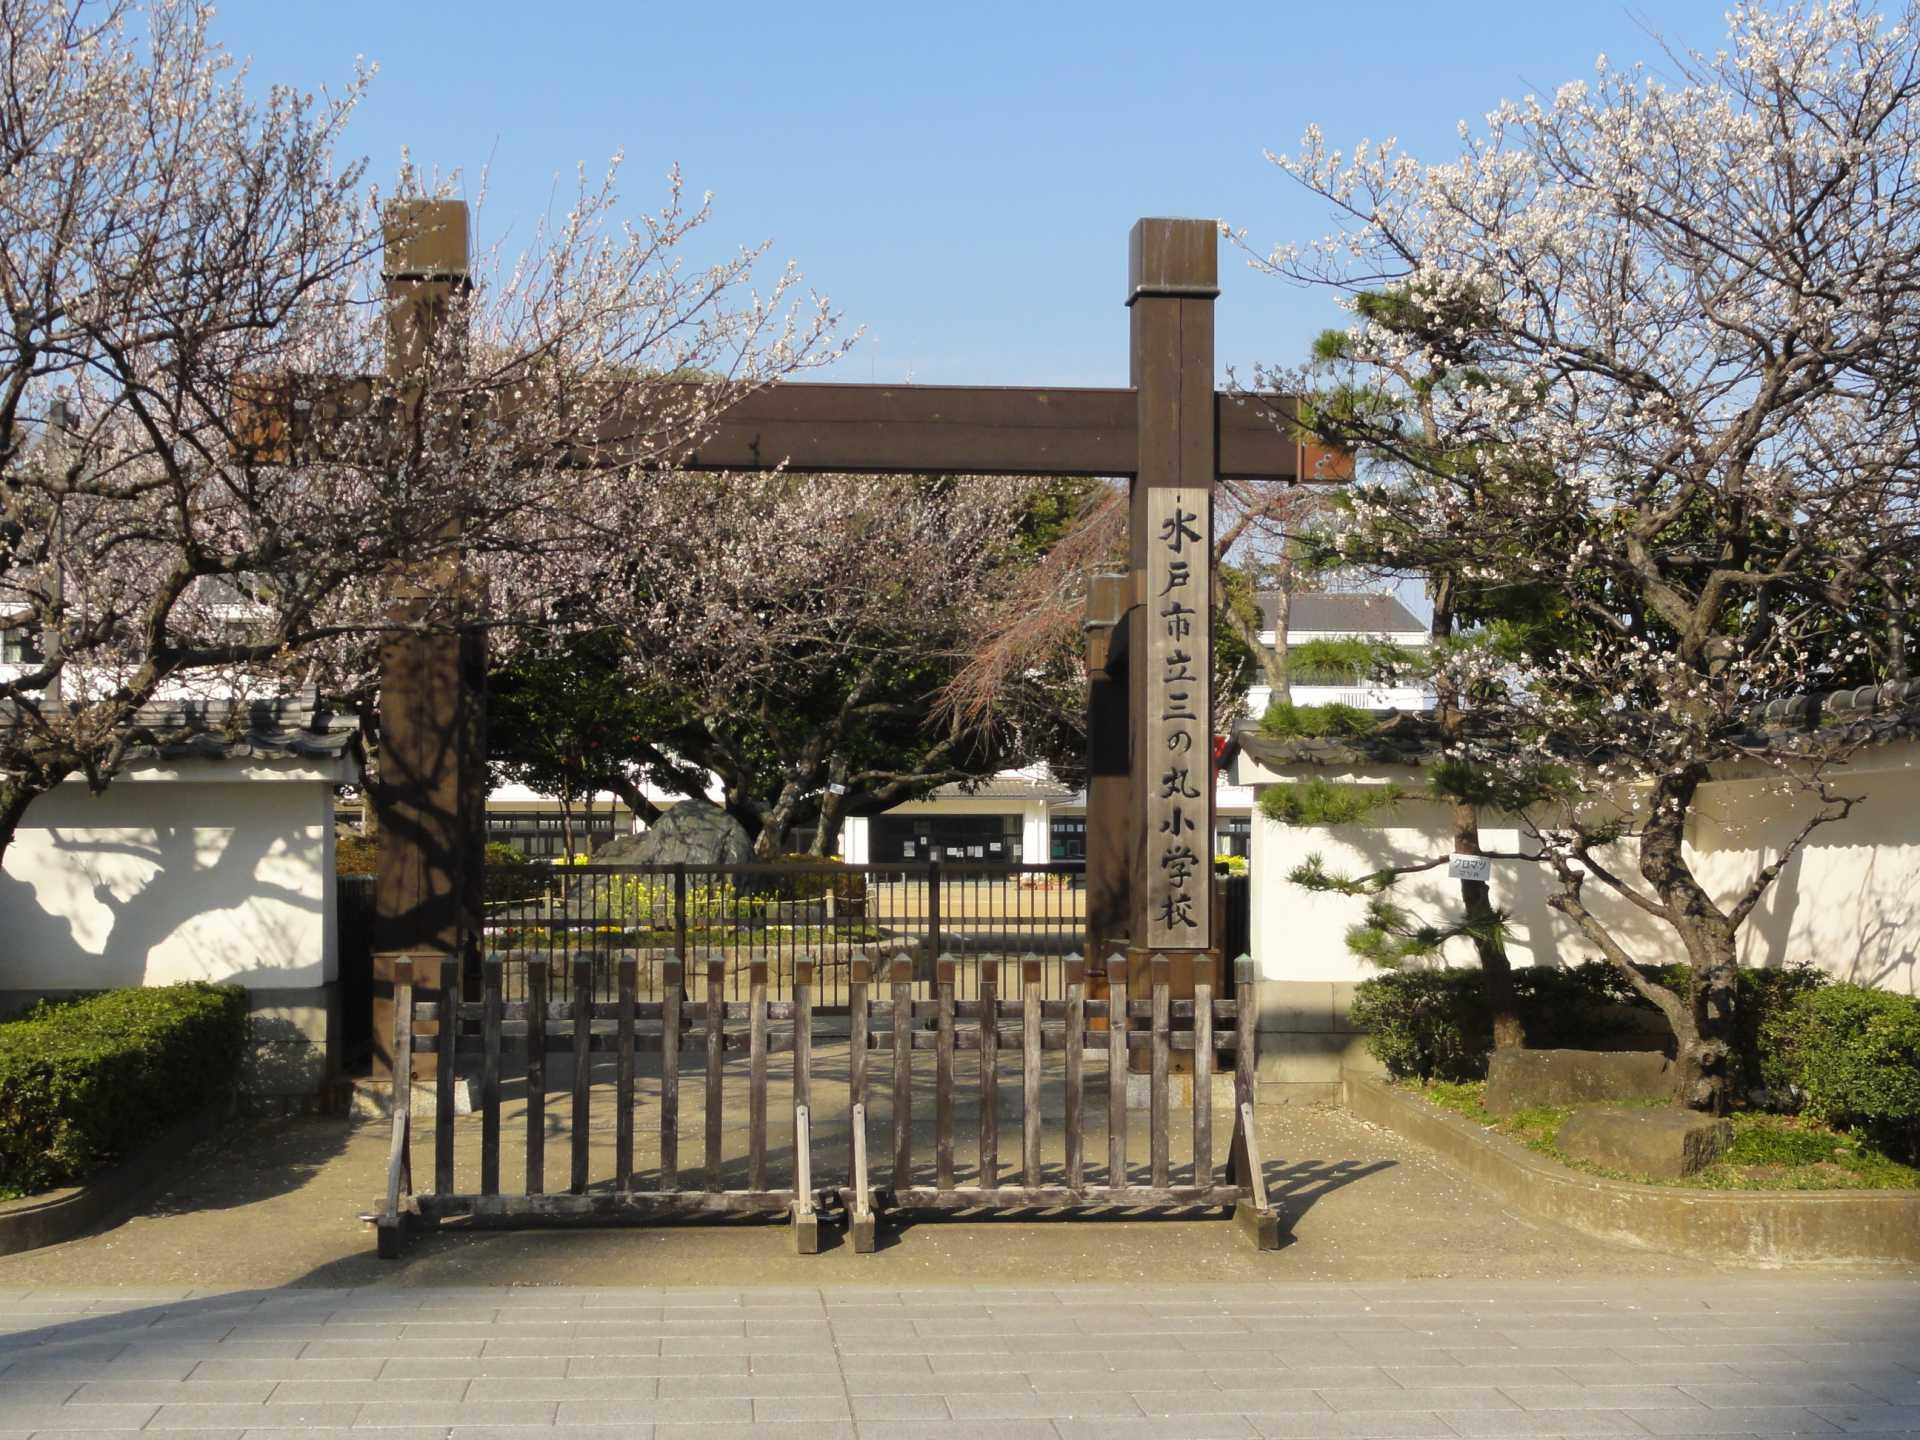 水戶市立小學校
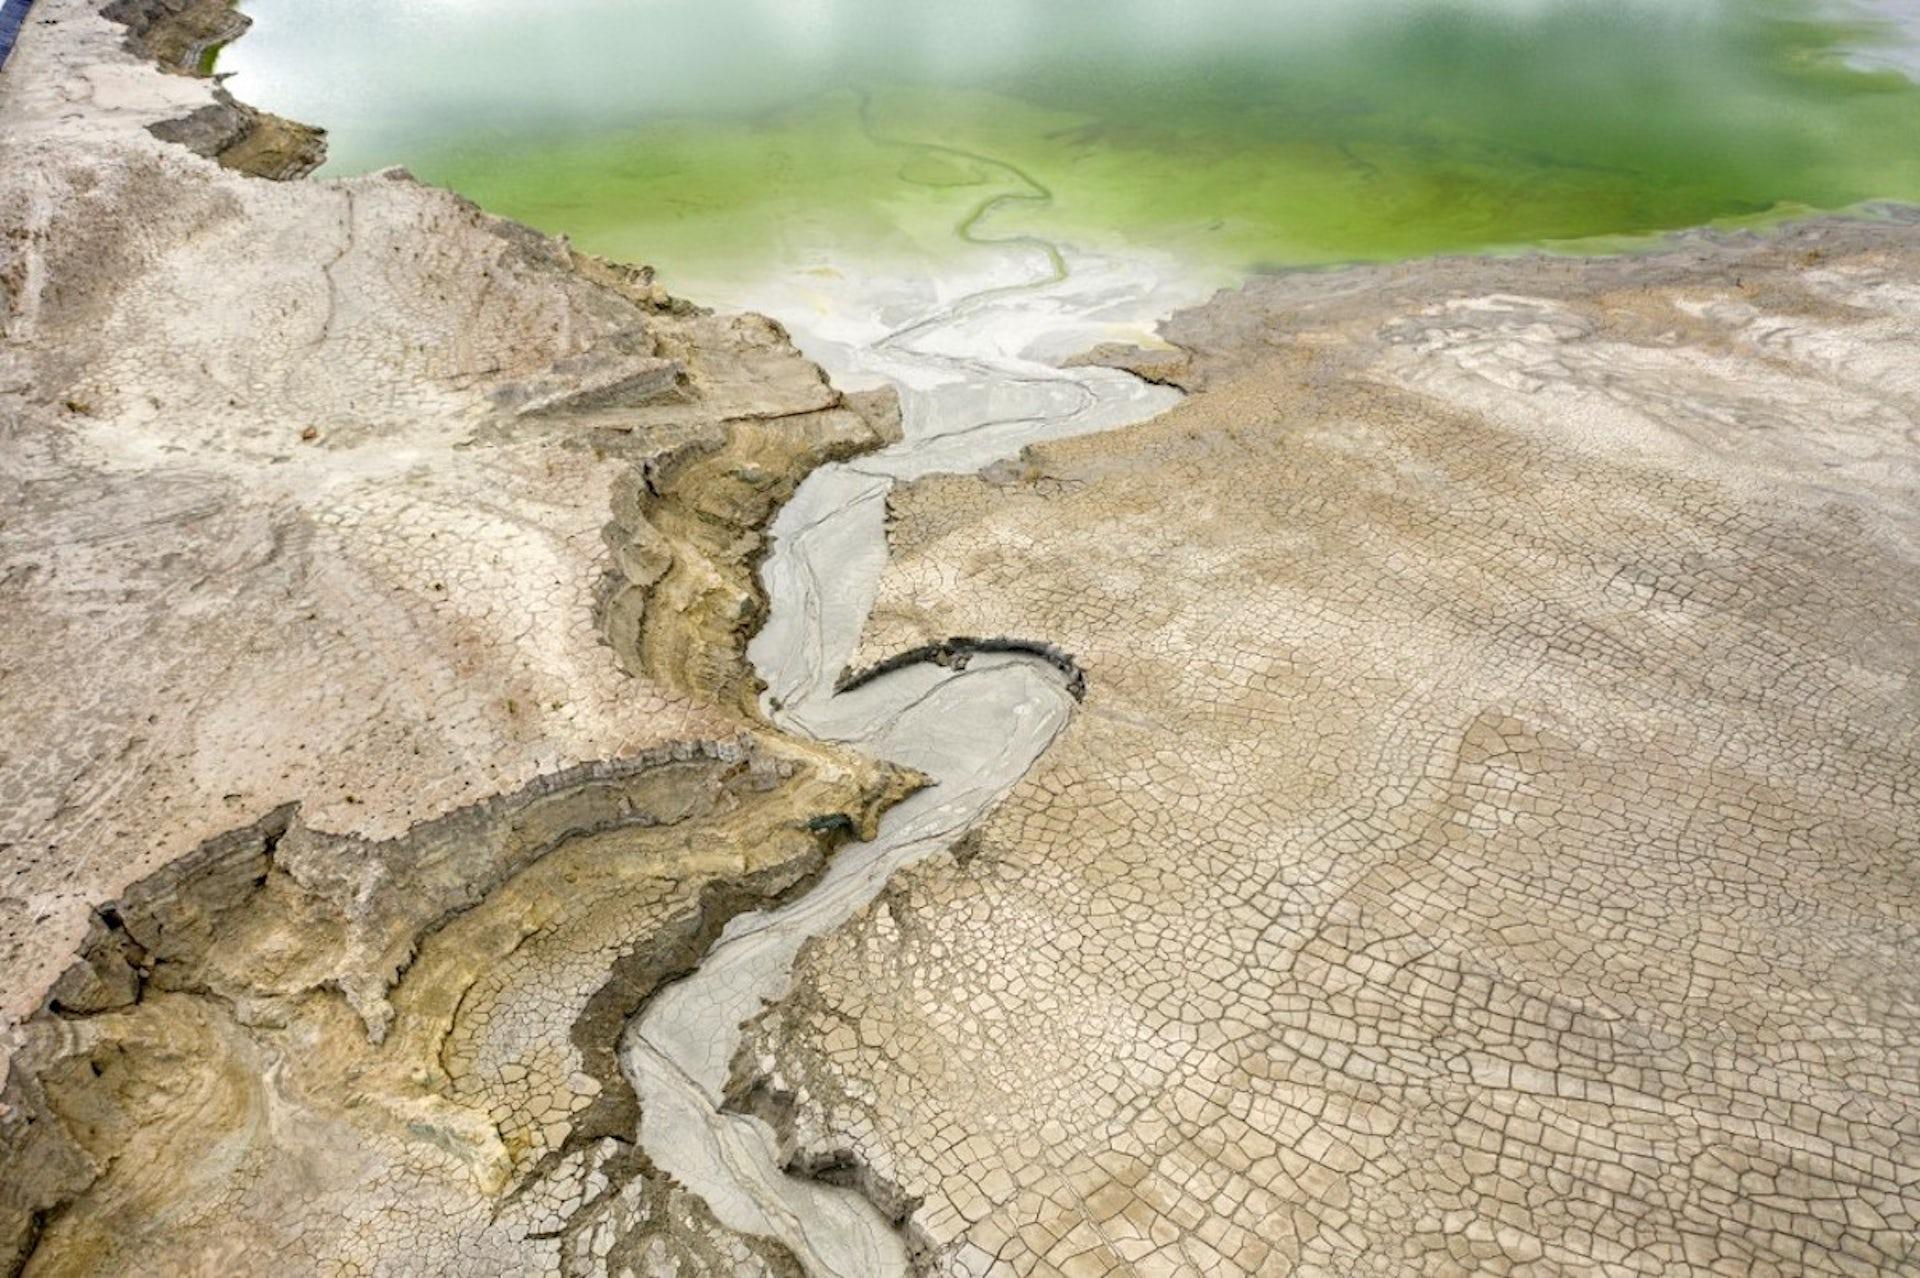 Les pressions sur l'eau, face ignorée de la transition énergétique
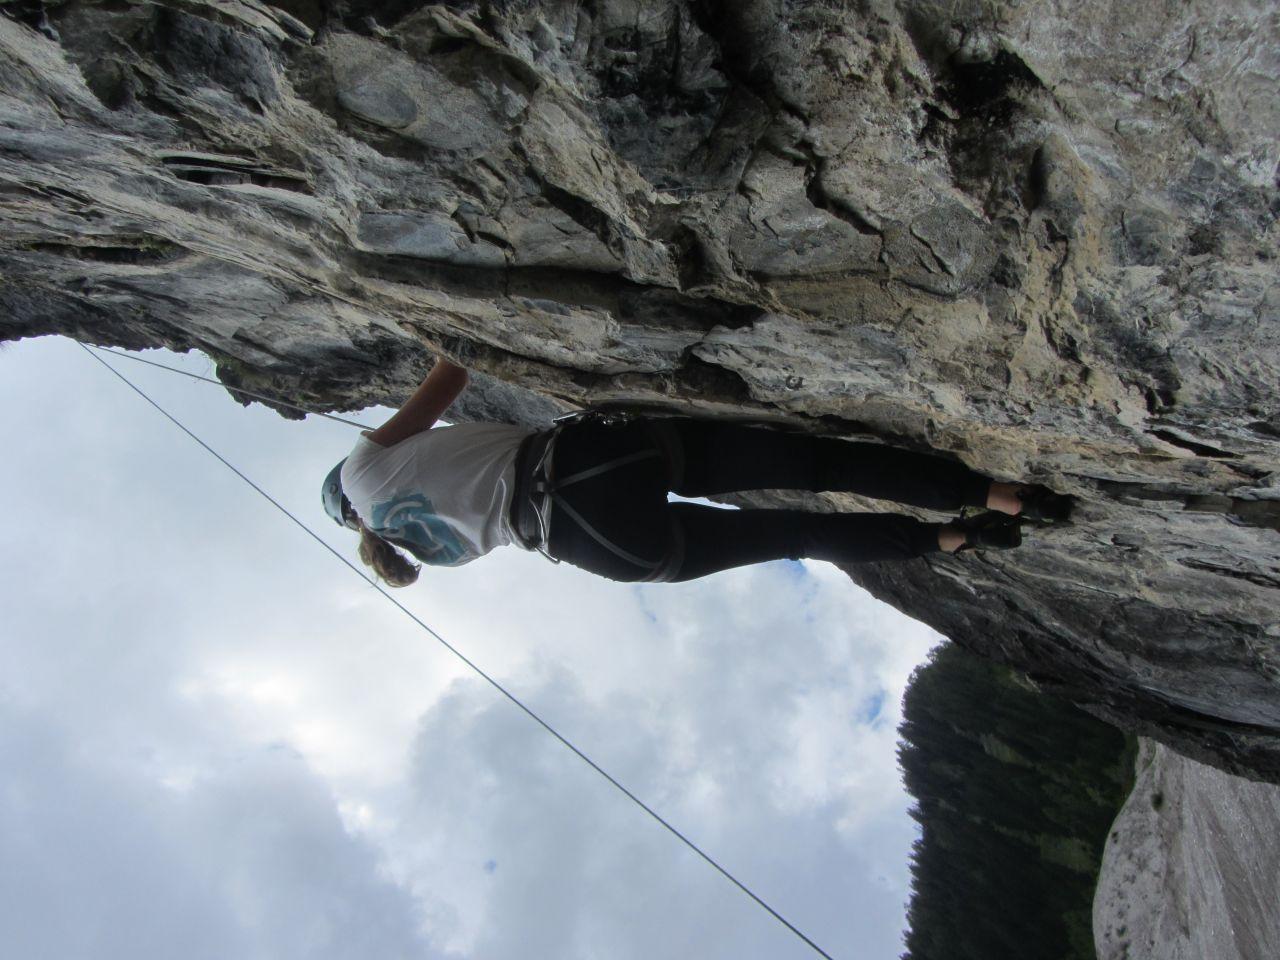 Klettersteig Englisch : Tagestour auf dem hindelanger klettersteig guiders
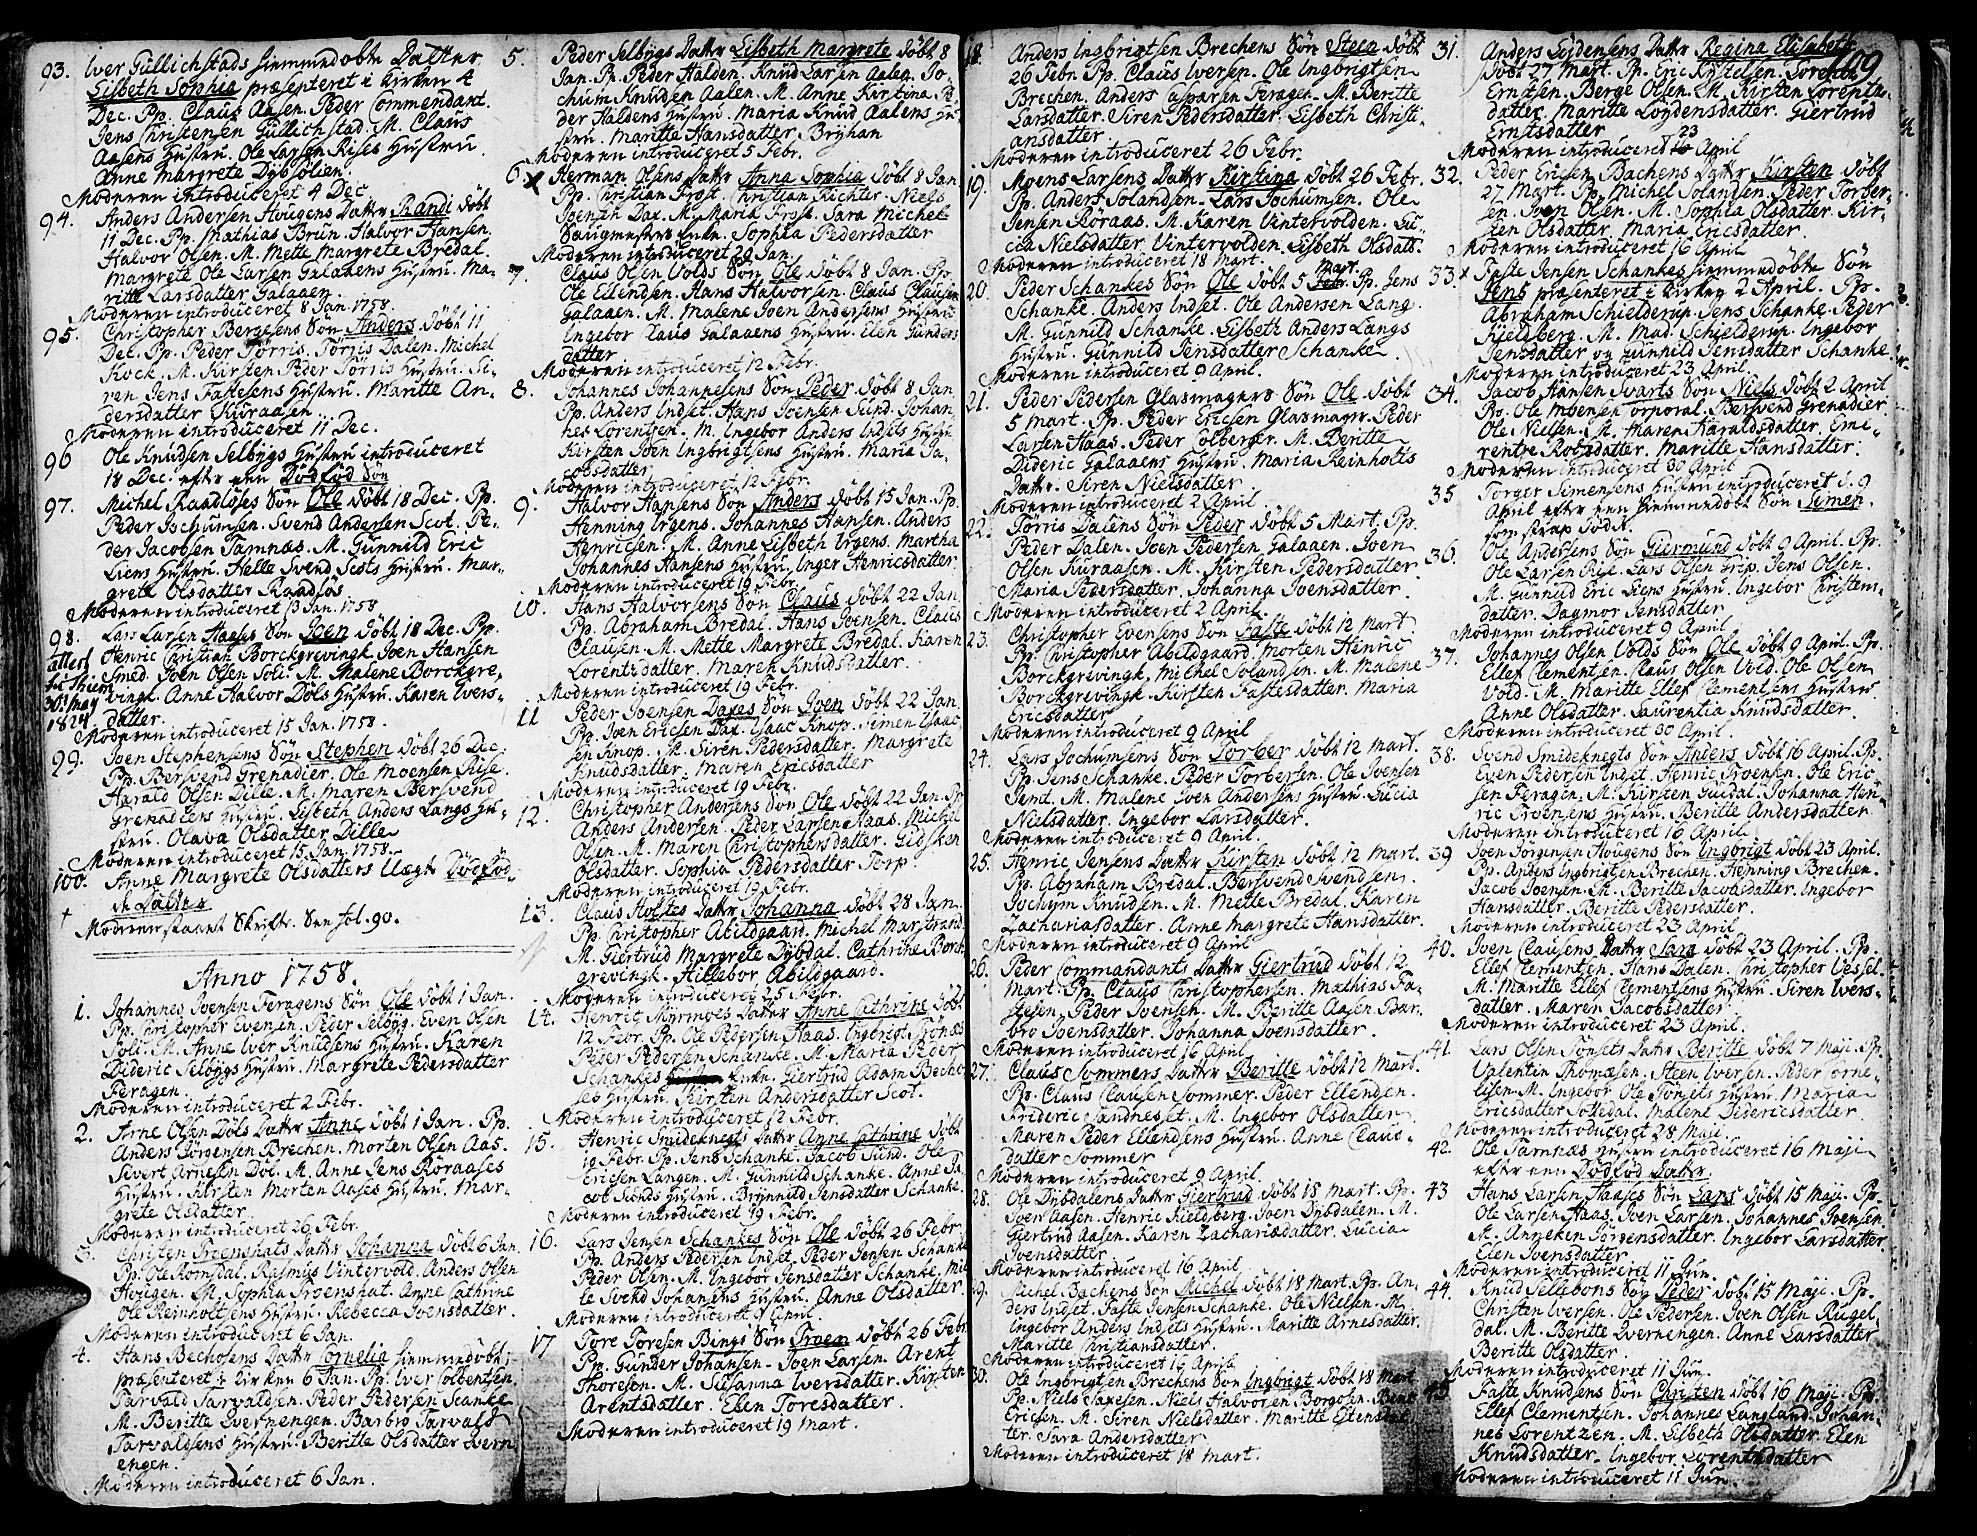 SAT, Ministerialprotokoller, klokkerbøker og fødselsregistre - Sør-Trøndelag, 681/L0925: Ministerialbok nr. 681A03, 1727-1766, s. 109

------------------------------------

(Task directions): Write out the data once more exactly, omitting the pictures.

(Task response):
 水戶市立小學校
 Les pressions sur l'eau, face ignorée de la transition énergétique
 Klettersteig Englisch : Tagestour auf dem hindelanger klettersteig guiders
 SAT, Ministerialprotokoller, klokkerbøker og fødselsregistre - Sør-Trøndelag, 681/L0925: Ministerialbok nr. 681A03, 1727-1766, s. 109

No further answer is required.